5. The intelligent environmental perception and video risk warning system for vehicle-mounted displays according to claim 4, characterized in that, The dynamic learning model is deployed in a compressed manner through a knowledge distillation strategy: the teacher model is a large-scale Transformer architecture, and the student model is a MobileNetV3 backbone network. Transfer learning is achieved by minimizing the KL divergence of the output distribution of the two at key spatiotemporal nodes.
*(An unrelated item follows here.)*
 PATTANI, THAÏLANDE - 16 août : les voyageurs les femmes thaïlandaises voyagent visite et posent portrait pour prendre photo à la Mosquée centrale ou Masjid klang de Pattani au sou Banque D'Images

The distilled student model is embedded in an in-vehicle embedded AI accelerator and supports INT8 quantization inference.

6. The intelligent environmental perception and video risk warning system for vehicle-mounted displays according to claim 1, characterized in that, The delay compensation calculator in the video frame synchronization processing module uses a sliding window statistical mechanism to dynamically estimate the average delay of the sensing link. When the delay exceeds the historical statistical confidence interval, it switches to a conservative extrapolation mode and uses only the assumption of uniform linear motion for position correction. In normal mode, a constant acceleration model is used to perform motion extrapolation correction on the position of the risk target.
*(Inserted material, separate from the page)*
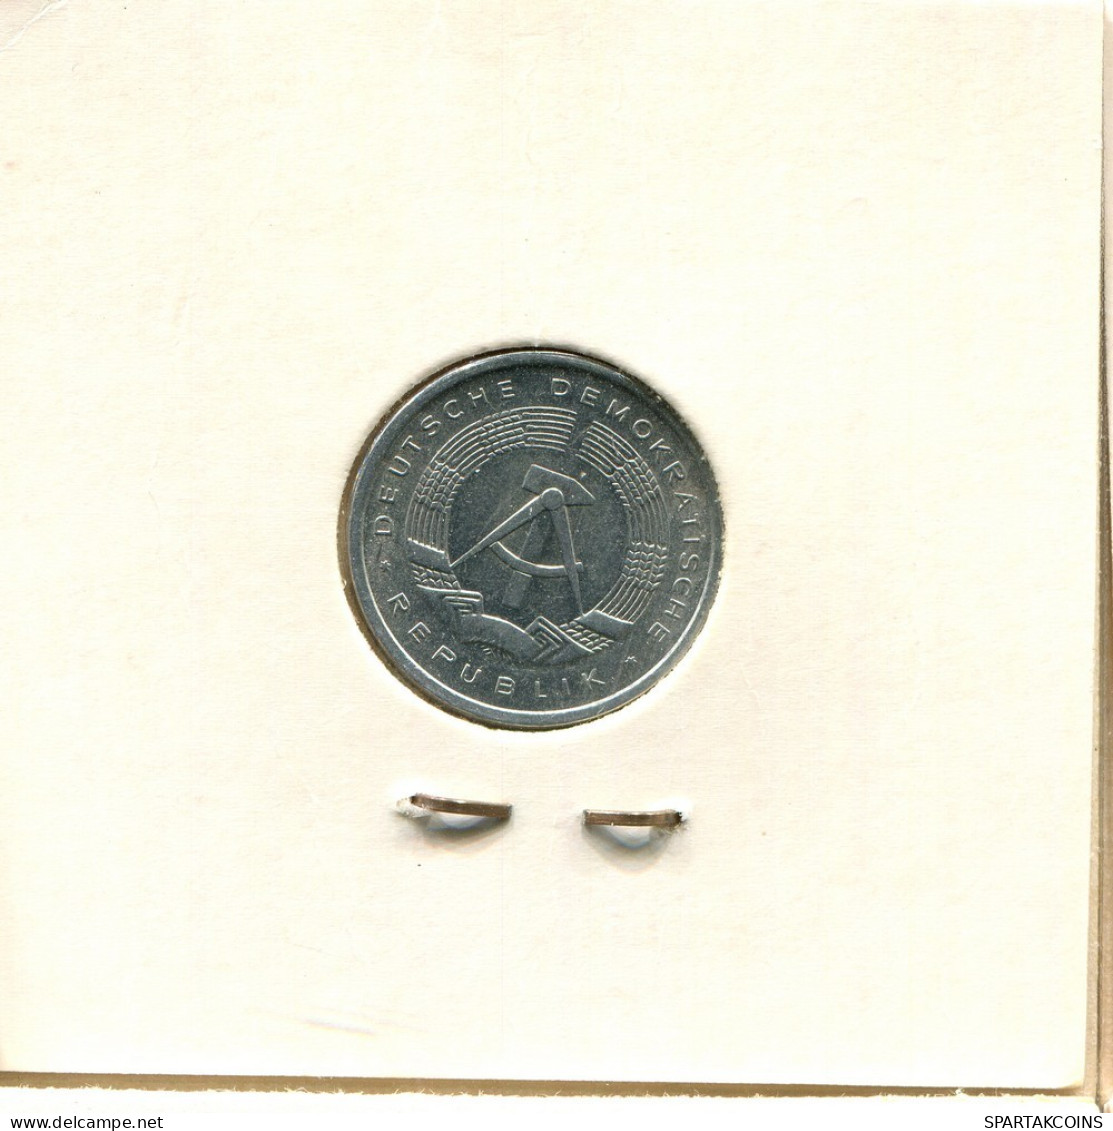 1 PFENNIG 1980 A DDR EAST GERMANY Coin #BA086.U.A - 1 Pfennig

7. The intelligent environmental perception and video risk warning system for vehicle-mounted displays according to claim 1, characterized in that, The visual warning elements in the display rendering module include semi-transparent warning icons, dynamic bounding boxes, or trajectory prediction arrows. Their Z-depth values ​​are forcibly set to be slightly higher than the background video layer but lower than the human-computer interaction control layer to ensure reasonable visual priority.

8. The intelligent environmental perception and video risk warning system for vehicle-mounted displays according to claim 1, characterized in that, The display rendering module integrates a color adaptive adjustment unit, which is connected to the ambient light sensor and the OLED display driving circuit. It dynamically adjusts the luminous intensity of RGB sub-pixels according to the digital illuminance value, so that the warning graphic maintains a constant subjective brightness under different lighting conditions.

9. A method for intelligent environmental perception and video risk warning for vehicle-mounted displays, applicable to the intelligent environmental perception and video risk warning system for vehicle-mounted displays as described in any one of claims 1-8, characterized in that, Includes the following steps: Start the environmental perception module to synchronously trigger each sensor to perform frame-level sampling and attach a hardware timestamp; The spatiotemporal reference generation module continuously outputs a unified spatiotemporal reference signal; The multimodal data fusion module performs spatiotemporal alignment, coordinate transformation, and cross-modal semantic fusion on the original sensor data based on the unified spatiotemporal reference to generate a fused tensor sequence; The risk decision engine module performs static rule matching and dynamic model reasoning based on the fused tensor sequence, and outputs a list of risk events; The video frame synchronization processing module performs motion extrapolation correction on the spatial location of risk events based on the perceived link delay parameters, and encapsulates the corrected data into structured metadata packets and appends them to the corresponding video frames. The display rendering module parses the metadata in the enhanced video frames, calls the graphics template library to generate visual warning elements, and completes the final image composition and output.

10. A method for intelligent environmental perception and video risk warning for vehicle-mounted displays according to claim 9, characterized in that, In the multimodal data fusion step, the visible light image and the infrared image are subjected to pixel-level geometric correction through a pre-calibrated intrinsic and extrinsic parameter matrix; the millimeter-wave radar point cloud is transformed to the image plane coordinate system through radar and vision joint calibration parameters; and the driver state feature vector is supplemented with the gaze direction vector in the vehicle's internal coordinate system.